The small diameter, or rearward end of tube 30 is rotatably affixed and sealed within the front wall 42.sub.1 of the burner box 44, and the rearward end of tube 40 is rotatably affixed and sealed within rear wall 42.sub.2 of the burner box 44. The rearward end of the tube 40 is also rotatably mounted and sealed within the forward wall 51 of a chimney, or stack 50, and its rearward end opens into said chimney 50. Both of tubes 30, 40 are rotated by the motor 73. During operation, while the tubes 30, 40 are rotated gases and solids are discharged from the open rearward end of tube 40 into chimney 50. Burnable waste is introduced into the large tube 30 via screw conveyer means 10 located to the side of, and adjacent the chimney, or stack 50. The residual particulate matter, which travels the length of tube 30 to its forward end is lifted via elevator mechanism 20 and discharged into the forward end of tube 40 from whence it is discharged from the terminal end thereof into chimney 50.

A key and novel feature of this invention is that in the kiln 100 the air (oxygen) rich burning gases and waste are moved cocurrently from the point of waste feed entry to the point of burnt waste discharge providing maximum contact time between the burning gases and the waste. Minimal space is utilized because the tubes are telescoped together in such manner that waste is both entering and leaving at virtually any given cross-section of the kiln after introduction of waste into the kiln, and burning continues throughout the entire period. The waste in the center tube is not only heated by the burning gases directly injected therein, but the wall of this tube is additionally heated by the gases burning in the surrounding tube. Moreover, due to its compactness, the kiln and its essential auxiliary components can be mounted on a single skid, hauled on a trailer to a waste location site, and put into use. The entire skid 70, on which the kiln 100 is mounted, can thus be placed on top of a trailer 80, the rearward and of which is provided with tandem aligned axles and wheels mounted thereon, 81, forward strut 82 on which the trailer can rest, and hitch 83 by which the trailer can be towed to a waste site.

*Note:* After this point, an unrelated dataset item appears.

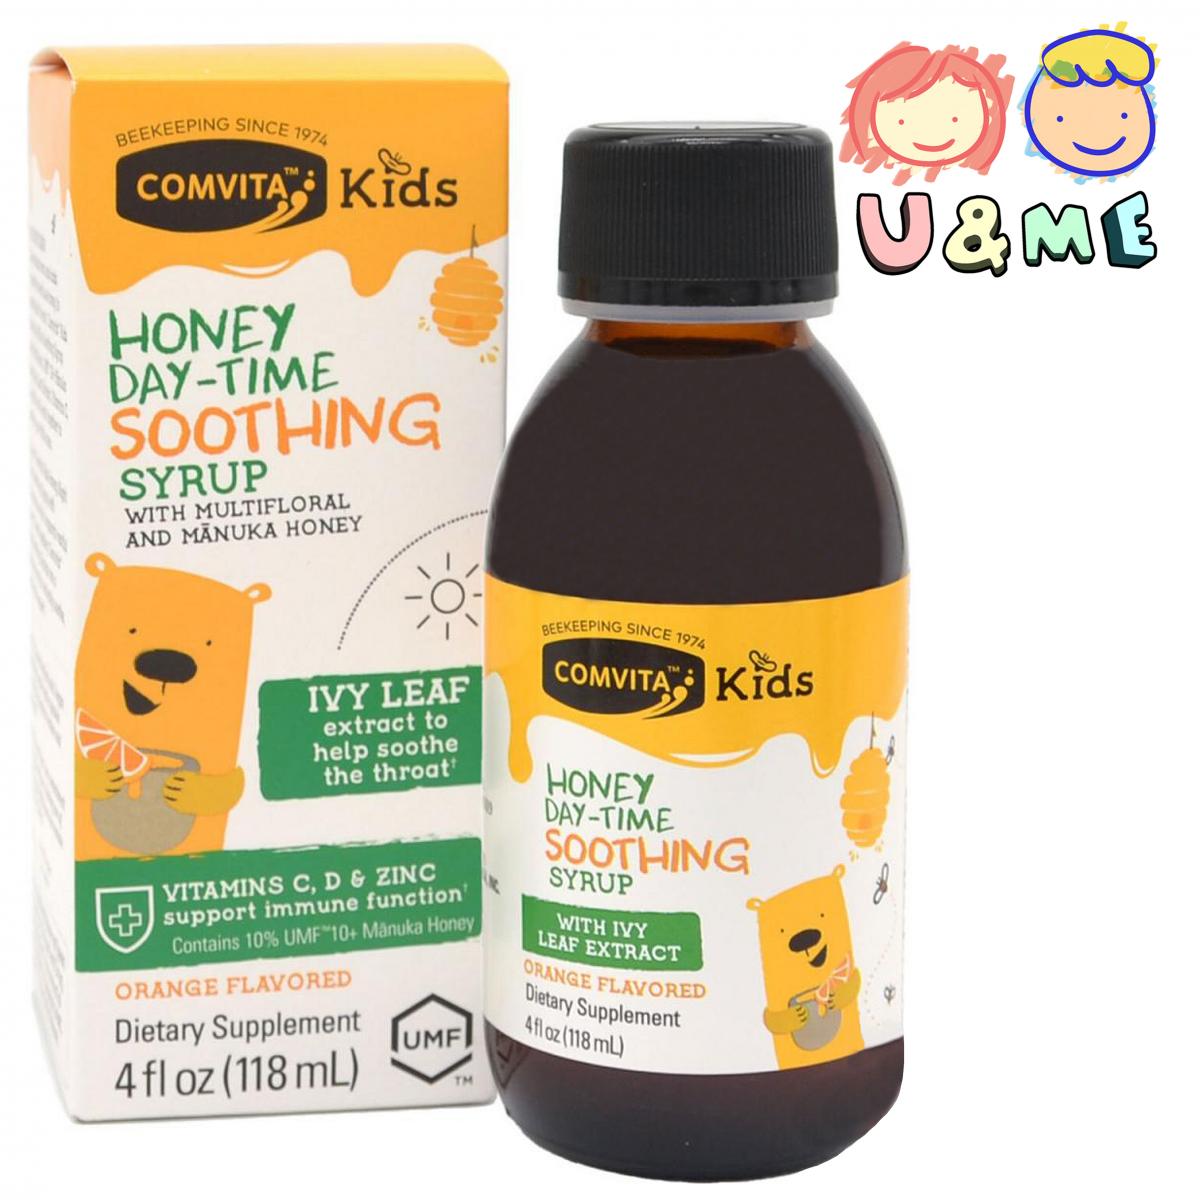 Kids Manuka Honey Day-Time Soothing Syrup 118ml - Green (Parallel Import)

At the heart of the kiln, or inceinerator 100 lies the pair of concentric tubes, the first tube 40 of relatively small diameter affixed via struts 9 to, mounted and sealed within the larger diameter tube 30. The larger diameter outer tube 30 is preferably of frusto conic or conoidal shape, its outer wall 31 converging from an enlarged forward diameter portion to a smaller diameter rearward portion which is sealed within a forward stationary burner box 44 enclosed by walls which include wall 42.sub.1, constituting the forward wall of the burner box within which burners 43.sub.1, 43.sub.2 are tangentially mounted. The burner box 44 is in turn supported above the floor of the skid 70 upon framework 45, which includes a horizontal deck 45.sub.1, supported by vertical posts 45.sub.2, 45.sub.3 (and other posts and braces not shown). The chimney, or stack 50 is also supported in an elevated position above the floor of skid 70 via support structure 45.sub.1 inclusive of vertical posts 45.sub.3, 46 (and other posts and braces not shown). The opposite, or forward end of the larger tube 30 is closed by an end wall 33 within which the forward end of the smaller tube 40 is affixed, and sealed. The opposite, or rearward end of the smaller diameter tube 40 is sealed within the rearward burner wall 42.sub.2, with the terminal end thereof extending through a forward wall 51 of the chimney 50 upon and within which the tube 40 is also rotatably mounted, and sealed. Thus, the rearward end of both tubes 30, 40 are rotatably mounted and sealed within walls 42.sub.1, 42.sub.2, respectively, a more rearward and of tube 40 is further mounted and rotatably sealed within wall 51 of the chimney 50, and the rearward open end of tube 40 terminates within chimney 50 with which it is in open communication. The opening within tube 30, on the other hand, is closed off to the chimney but is in open communication with the burner box 44.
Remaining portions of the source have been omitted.